● **SUPPLIED MATERIAL**:
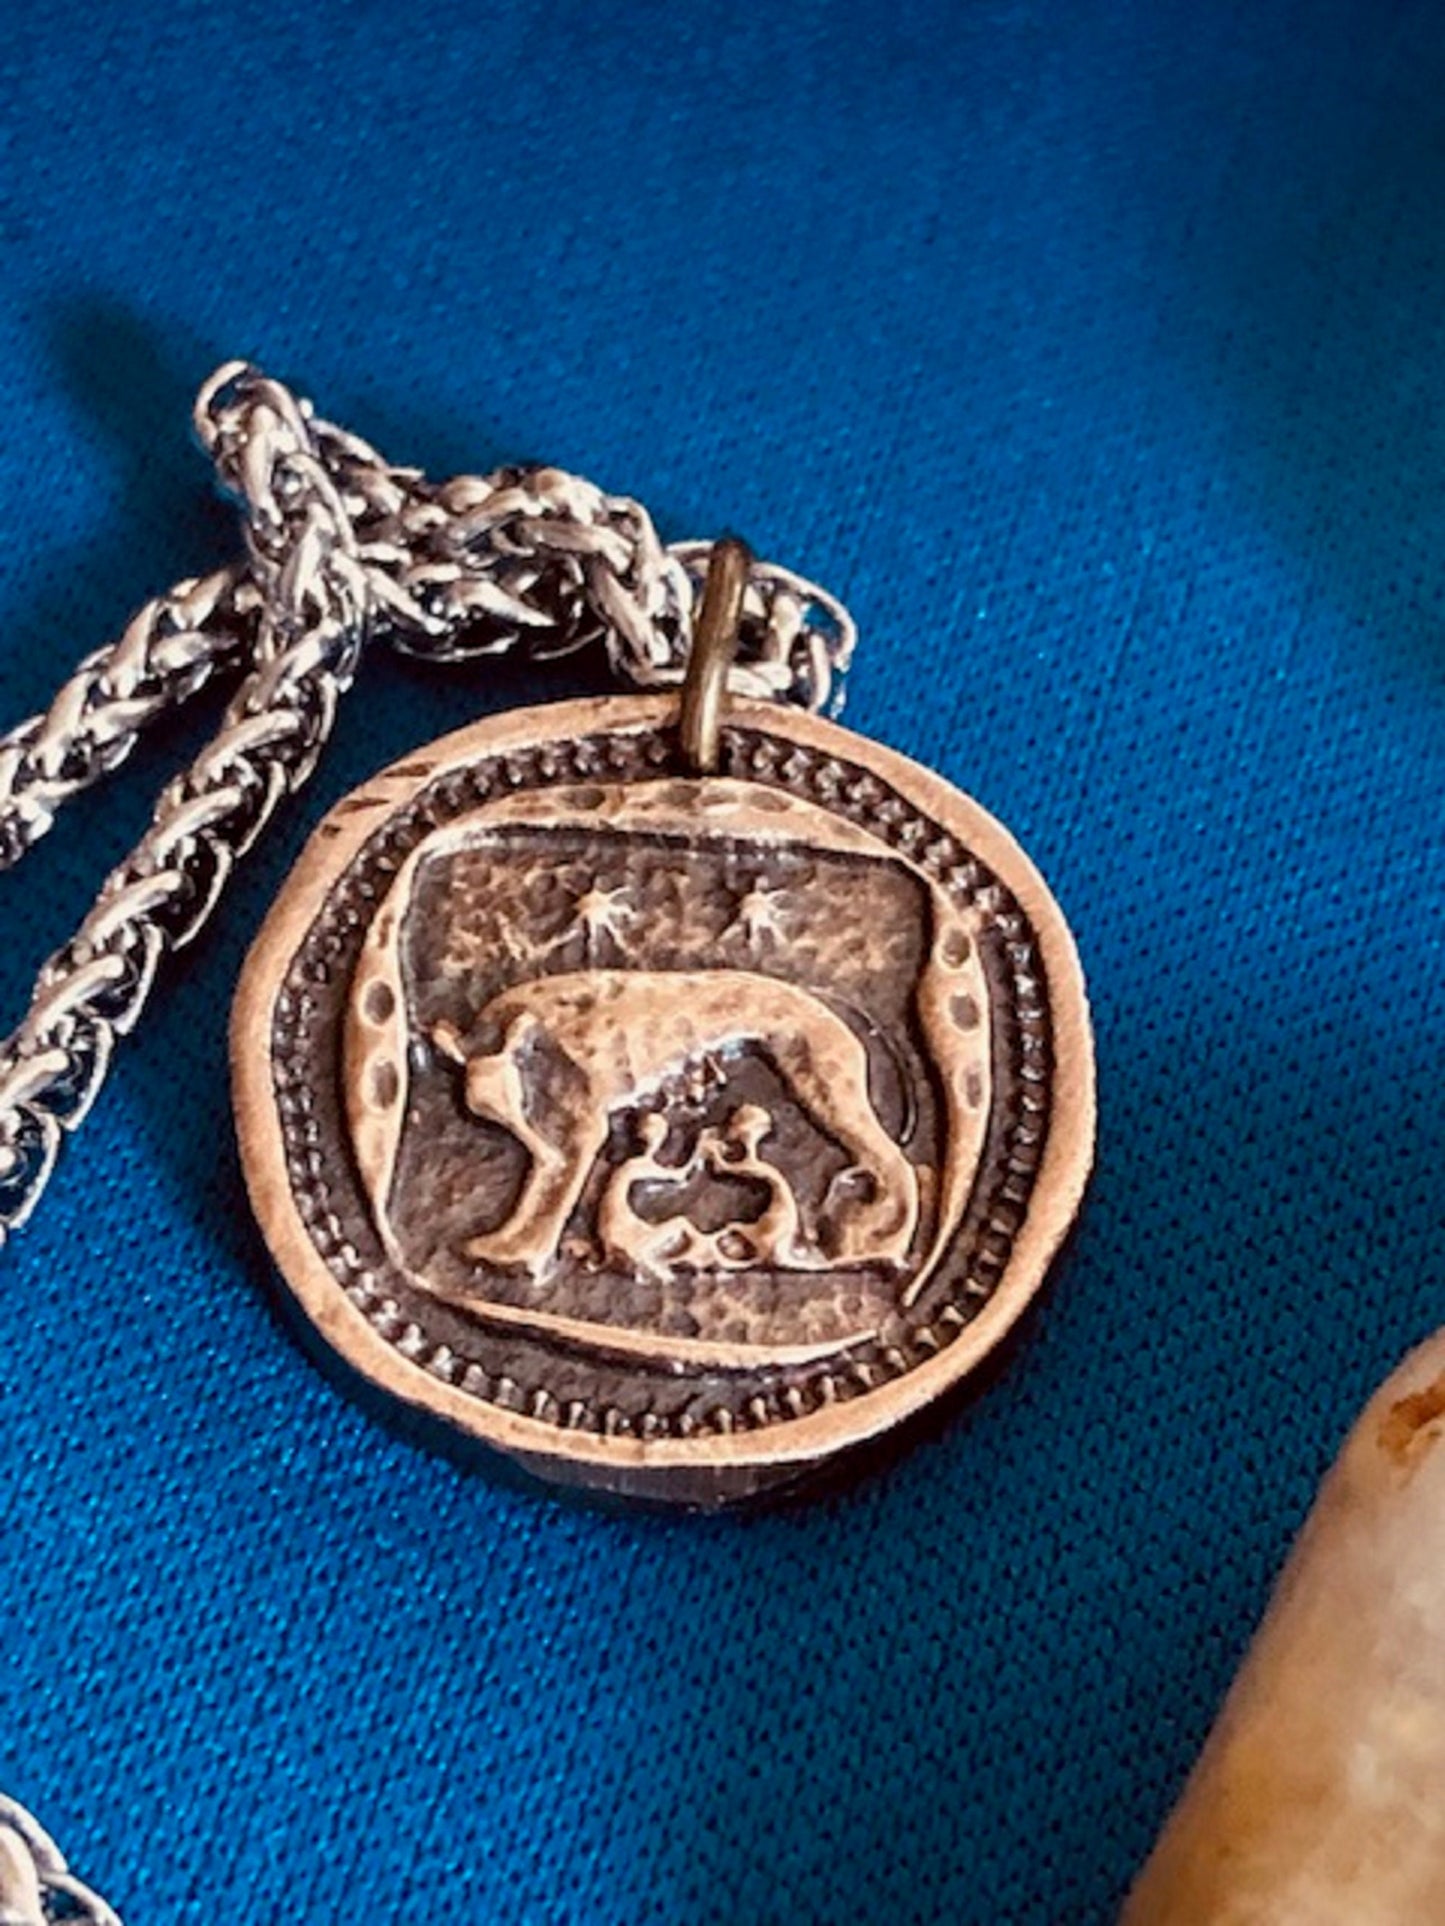 Wax Seal Antique Bronze Rome Pendant - She Wolf Capitoline Suckling Wolves - Jewelry from an Antique Wax Seal - Charm Fascinations 121
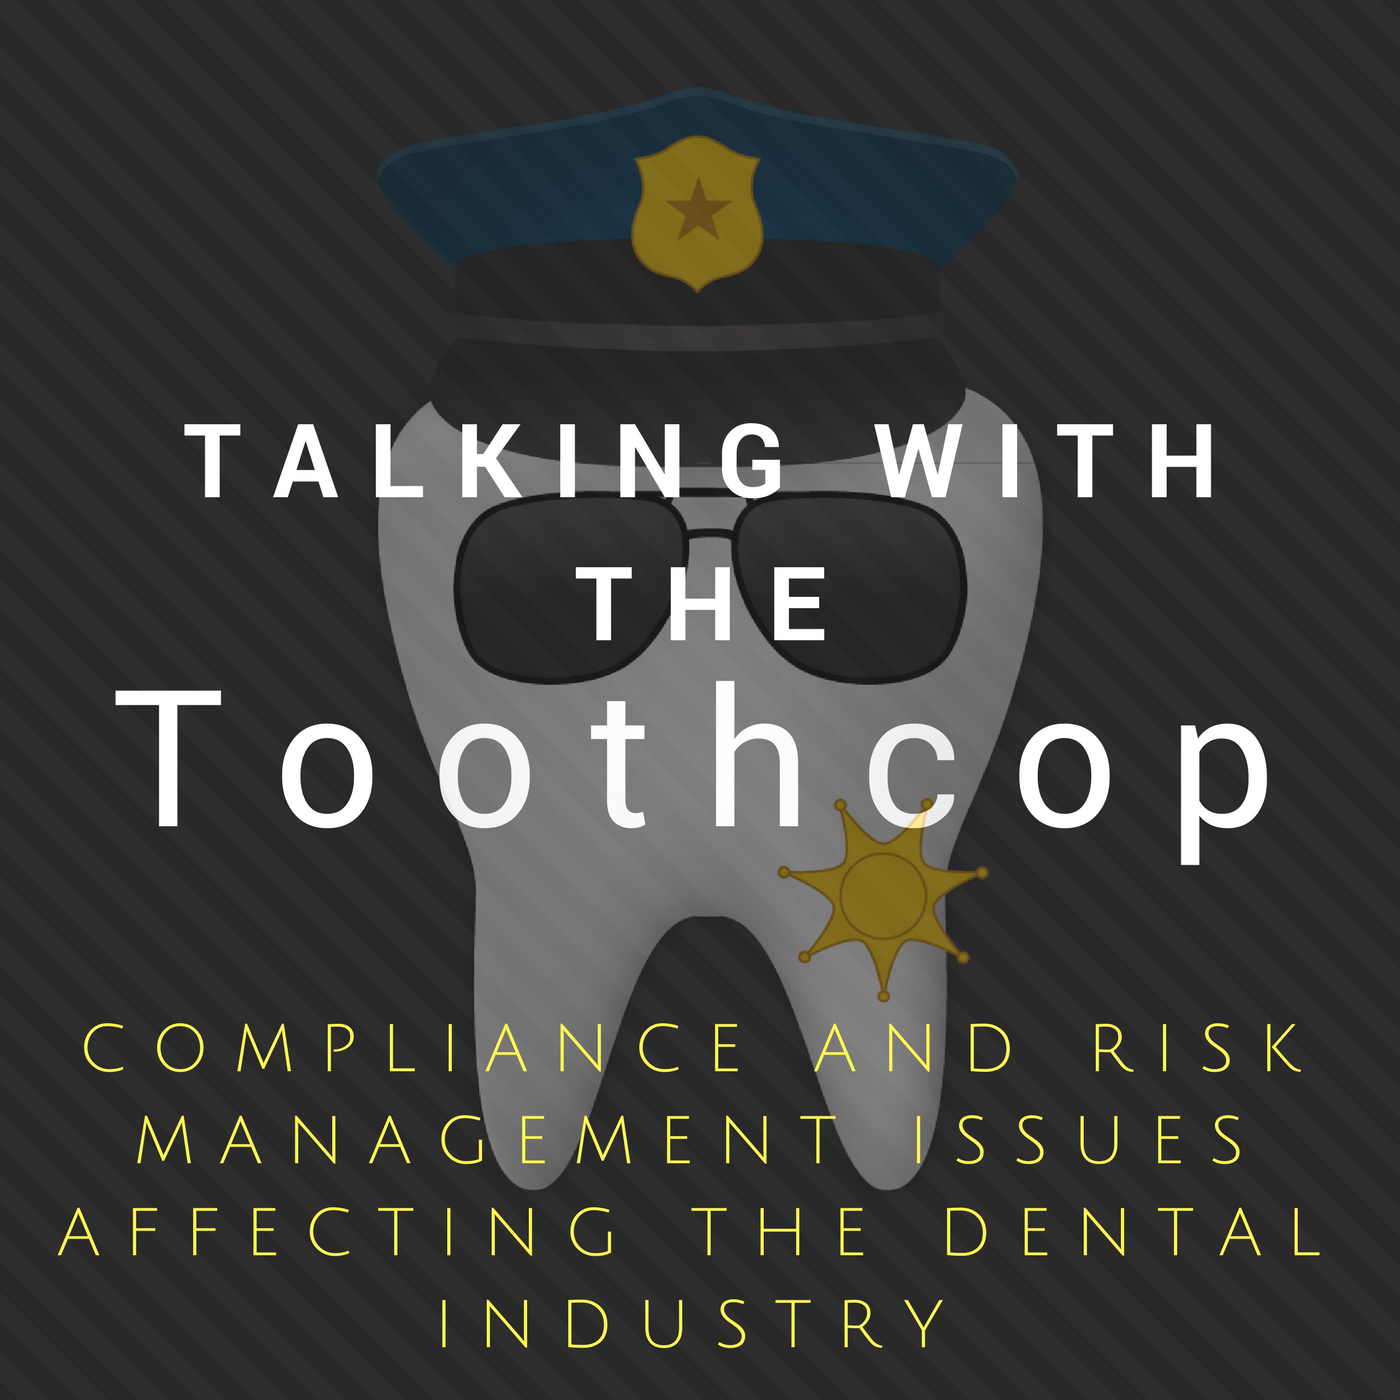 Compliance Coaching for Busy Dental Professionals: This is Talking With The Toothcop
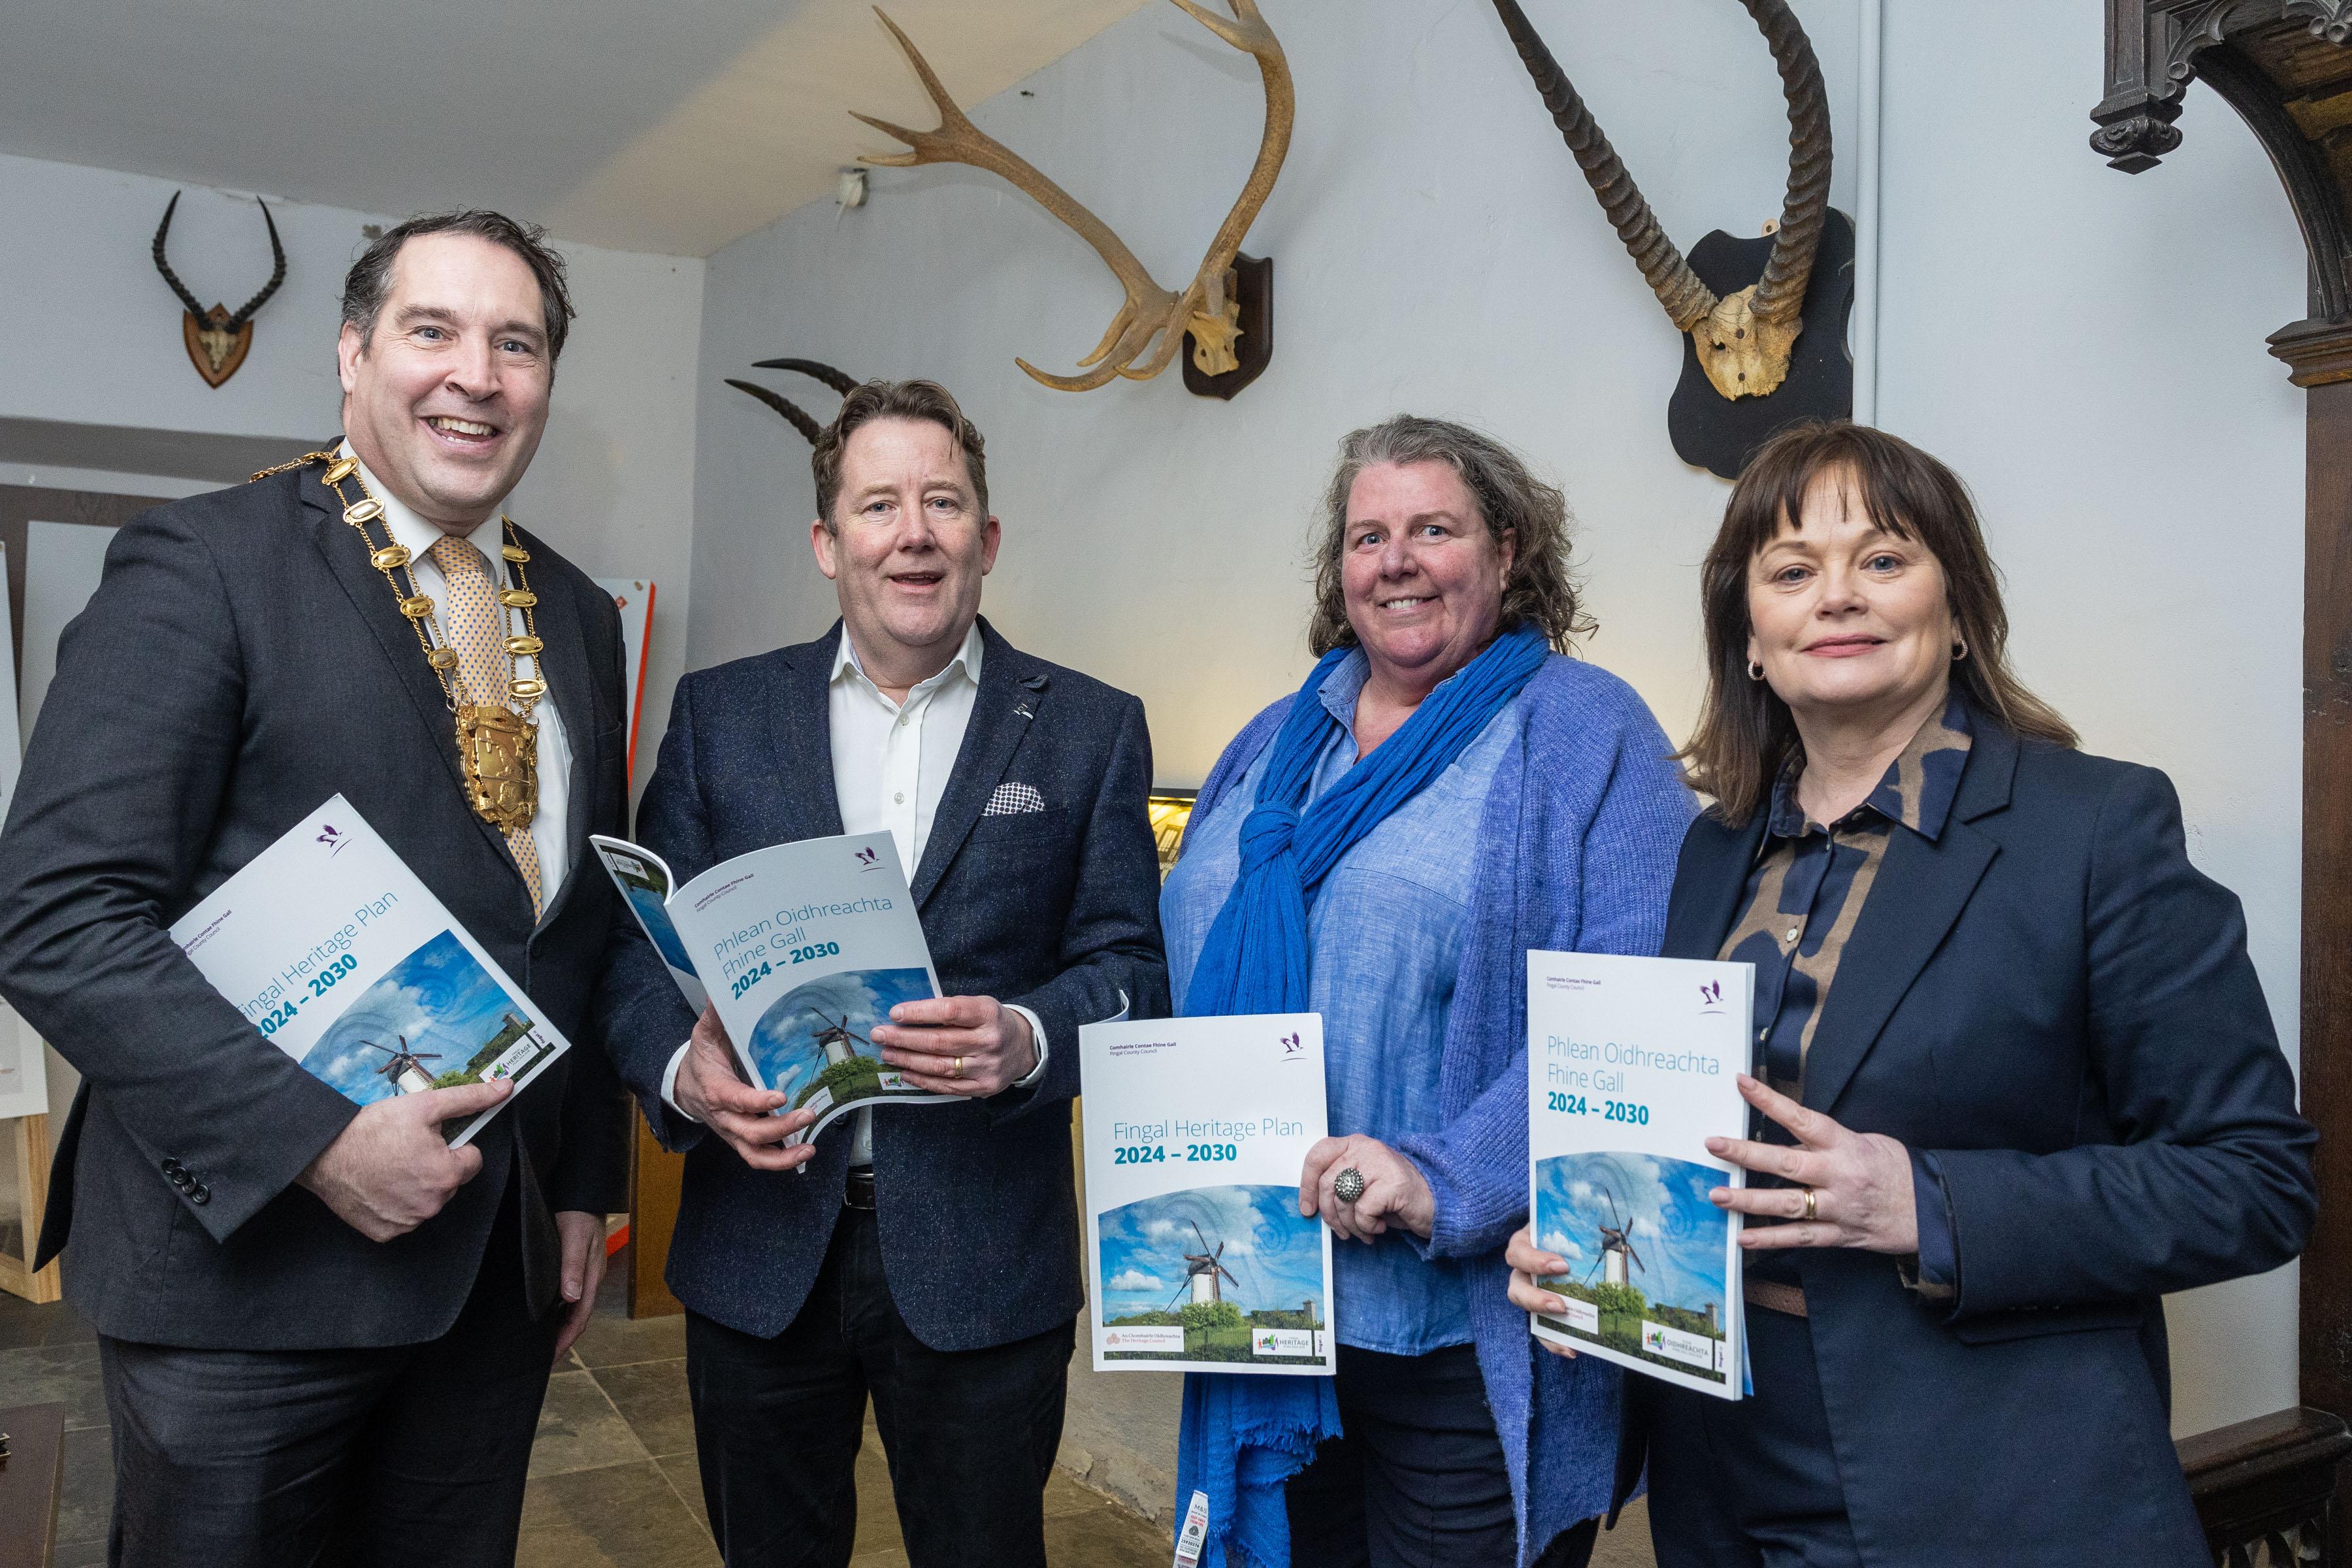 Launch of Heritage Plan

● **WORK TO COMPLETE**:
Leave out the images and copy all remaining data word for word.

● **SOLUTION TO THE PROBLEM**:
 Wax Seal Antique Bronze Rome Pendant - She Wolf Capitoline Suckling Wolves - Jewelry from an Antique Wax Seal - Charm Fascinations 121
 Compliance Coaching for Busy Dental Professionals: This is Talking With The Toothcop
 Launch of Heritage Plan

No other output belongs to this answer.